The version we'll be using is brand new. It was released in the middle of October. In fact, as we were planning the session, one week we had a call about the session. The next week I said you know there's a new version of SaTScan. We better use that. So it's fairly new. I'm not actually able to tell you all the new features compared to the old features. What I've done here is after you get it — after you get the software loaded on your computer, then you'll need to go into All Programs and find it. And I've clicked on SaTScan and you can see the different things that can come up. If you're going to use it a lot you'll probably want to save the icon to the desktop so you can get to it. I also wanted to point out it has a very detailed users guide and that's probably something that's worth you having available to refer to as well.
So anyway we're going to start looking at them at scan. Before we do that I just wanted to mention the whole science behind identifying whether there's clustering of health events is actually a very old science. And it dates back you know actually hundreds of years. And the statistical methods that have been developed to look at space and time clustering are also, some of them very old methods. About 15 years ago I did a, as a consultant to a state, I did a review of all the surveillance statistics, and as of 1990 there were something like 15 or 20 distinctly different statistical tests that have been devised to look at time space clustering, and the approach that Dr. Kohldorf has developed is really one that was not actually his idea. It was developed from some methods that had been developed by Knox and enhanced by Nathan Mantel same guy from the Mantel Hansel Chi square; but the most significant innovation that enabled Kohldorf to do his method was really work by Openshaw in the 1980s in England . He developed an approach that he called the geographical analysis machine, and it would basically, you know, place circles of varying radii all over the map and estimate the prevalence or condition within each of the circles and compare to what occurred by chance and Openshaw's program in the 1980s was -- nobody could use it because unless you were at Carnegie Melon or University of Illinois, had a supercomputing center, you didn't have a computer that could actually run the analysis. And if you were doing it on a PC, with PCs in those days it would probably run for three or four weeks to do the analysis. That's not a very useful tool. Well, nowadays, with the computational algorithm that Kohldorf has come up with, and with modern computers, these can be run much more efficiently. Although, the example that we're going to give you is one that is based on census track to aggregated data because when Ravi tried to run it using individual data, you said 27 hours?
RAVI SHARMA: 26 hours.
RUSSELL KIRBY: To do this particular thing with individual data on a PC it can still take a while. So you have to kind of think about what kind of efficiency.
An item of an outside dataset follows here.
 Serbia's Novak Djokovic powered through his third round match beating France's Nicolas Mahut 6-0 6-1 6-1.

But anyway, we'll start out here by flicking on SaTScan. Okay. I'm going to try to move this thing around here so that it's going in the right direction. Okay. So when you click on SaTScan, what you wind up with — you know, I forgot to mention something else here. If you go into your exercises folder, you will find a PowerPoint file that is called SaTScan. And it doesn't have this title page because we just realized we didn't make a title. But in any event, if you go into that file, it has I'll just show you what it's got in it. It's step-by-step, starting with you know going into SaTScan. You know, we've already done these things, I hope. Has everybody got SaTScan up on their computer? Anybody who doesn't have SaTScan up on their computer?
Okay. So then we're at the icon level. And this is where I am right now. So we'll just switch back to this.
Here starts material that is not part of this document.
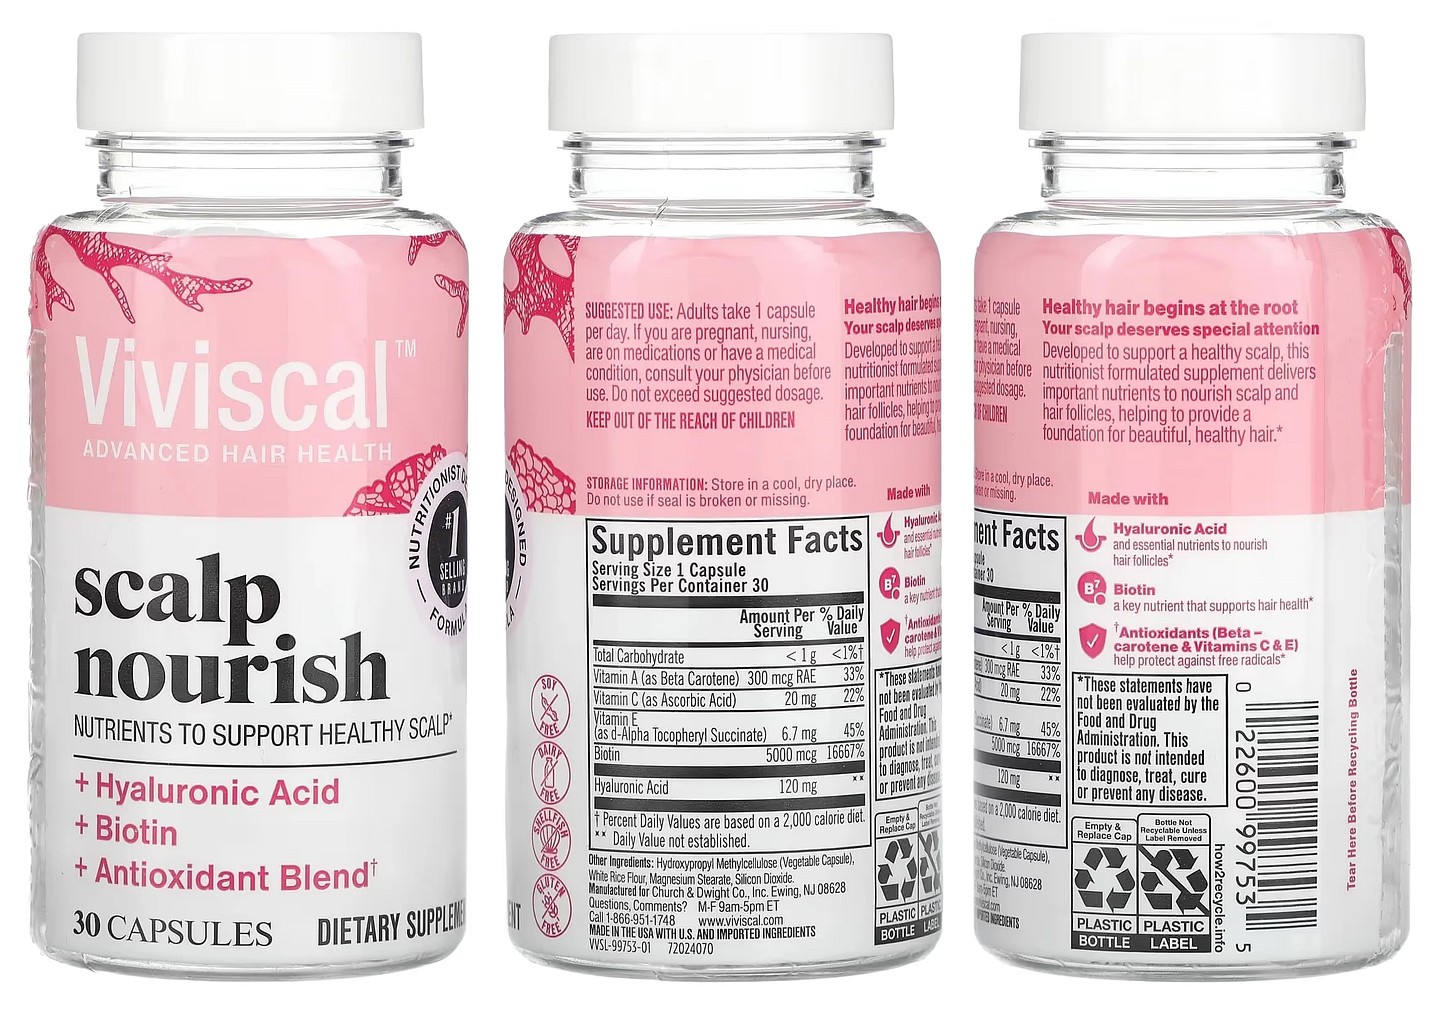 Viviscal, Scalp Nourish packaging

So what we're going to do, we're going to show you the steps that you go there you to create a new session and pull in the data. And we'll talk about how the data need to be structured in order to run with this software. And then we'll run the application. It's basically a test to see whether there's spatial clustering of low birth weight in Allegheny county Pennsylvania and then we'll show you what you need to do to bring the results of your SaTScan analysis into ARC so that you can actually visualize the data.
So the first thing we'll do is we'll say create new session. Okay. And there's a couple of things about this. This software has the capacity to do a variety of different time space cluster analyses. The analysis that we are going to do is actually one of the more basic ones and we're just going to look at whether there's spatial clustering. The software actually has the capacity to do time clustering, space clustering, and space time clustering but of course in order to do time clustering you have to have dates tagged to all of your records. Of course, with spatial clustering you need some location al identifiers and for space time you need both.
So in order for this to run, we need to have several different files, all of which have to be formatted in a particular way. But we need a case file, which you know tells us how many cases whether incident or prevalent there are. We need a control file. Actually, yeah we need a control file that tells us how many noncases there are, basically, in the area. And then we need a coordinates file that tells the software where these cases and controls basically are located. So we need all those things. So let's start out by looking at the case file.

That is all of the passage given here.